If you have no training in teaching foreign languages (I began as a Spanish teacher), I would charge no more than $100 an hour, maybe a little less.

No-shows and last-minute cancellations drive me up the wall. Luckily, the few students I have don't do that, and if they have to cancel at the last minute, they know that they owe me for that class. By the way, I teach in my apartment and work only with adults who are at least a mid-intermediate level.


Thank you for the helpful input! I was honest with her (an am with myself) that being just being an native english speaker doesnt mean you would be a great teacher.

I guess the hesitancy about teaching in our home is... How do you know people that come into your home are truly there only for English lessons? Are all your students be referral, or random people like my case that hear your accent and ask you where you are from?

I didnt even allow stranger in my home in the States, so this isnt a paranoia about Mexico thing. Its more of a "I have two young children at home" thing.


Of course, being a native English speaker doesn't make you an effective teacher, though many people think it does. But if you are aware of language to some extent, then being a native speaker can make you a useful tutor, who can offer help with conversation practice, pronunciation and acquisition of common vocabulary and idioms. Also, if you've learned Spanish in a classroom situation, that can help you teach English to Spanish-speakers, which is partly how I got my start as an ESL/EFL teacher.

As far as being leery of inviting strangers to your home for English classes, that makes a lot of sense.
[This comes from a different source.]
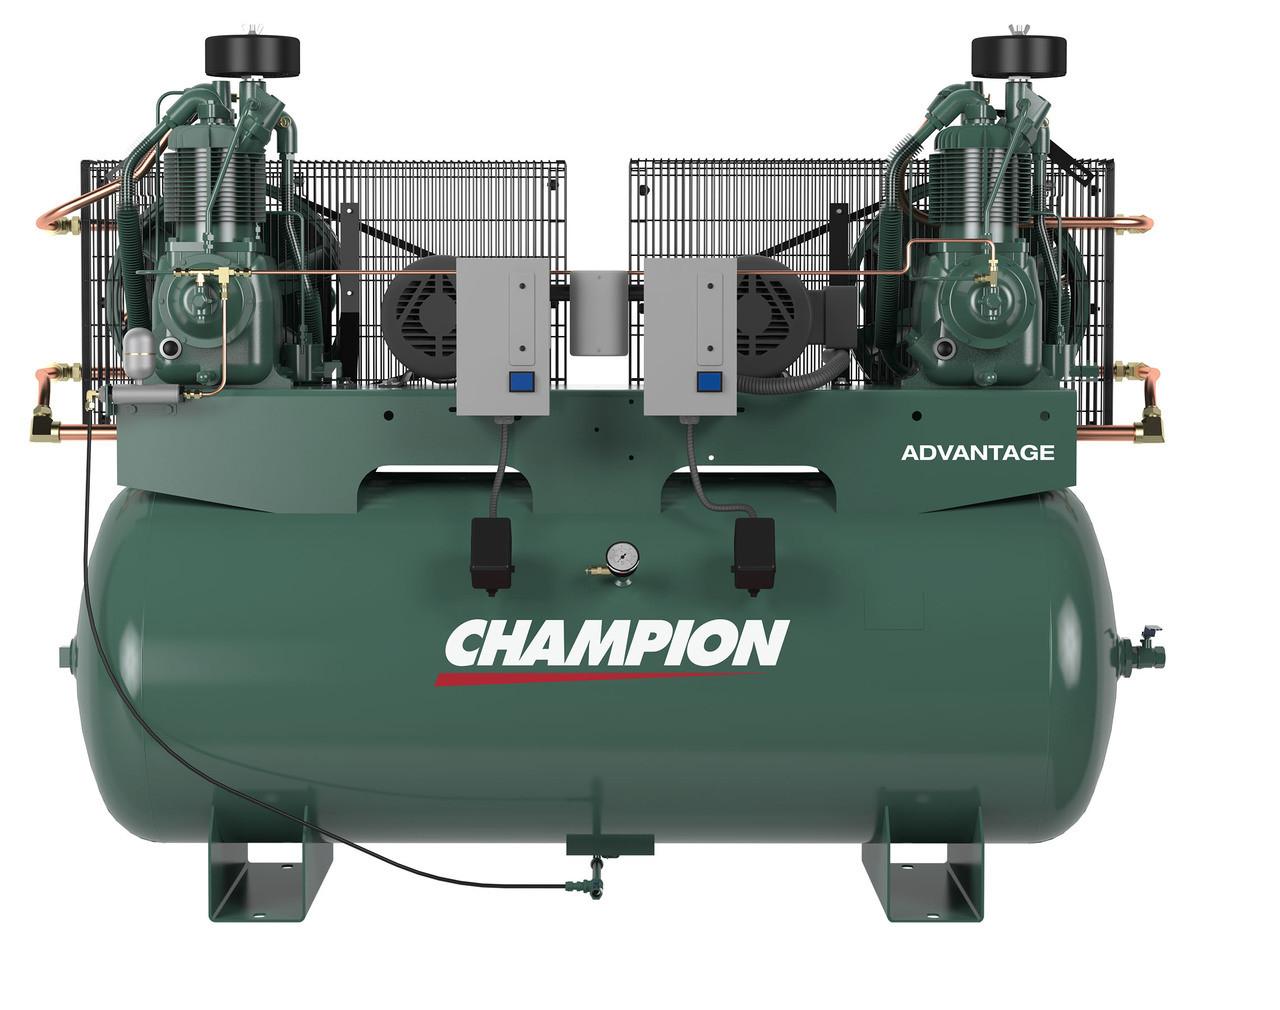 Champion HR5D-12ADV-3 3PH Advantage Series Air Compressor

My students have come to me through online ads I've placed or through recommendations of friends or other student. In a couple of cases, they were friends or neighbors. I've never had any of the many people I run into in my neighborhood who ask where I'm from and then express an interest in studying English with me actually do so. I've come to the conclusion for many Mexicans telling a native English-speaker you've just met that you need to learn English and want to take classes with them is either wishful thinking or just a matter of showing polite interest in who you are.

Anyway, when I get an online inquiry about English classes, the first meeting is never in my house. I arrange to meet the prospective student at a café in my barrio, and we have a long chat for two reasons: so I can make an informal assessment of the person's English level and to see what kind of person he or she is and if we'll get along. With one-on-one classes, the latter is very important. So far my method has worked out just fine. Of course, I've honed these skills by suffering through many dates with guys I've met on internet dating websites :-) !

I hope these comments help.


eyePad

Sep 12, 2013, 6:13 PM

Post #14 of 19 (18568 views)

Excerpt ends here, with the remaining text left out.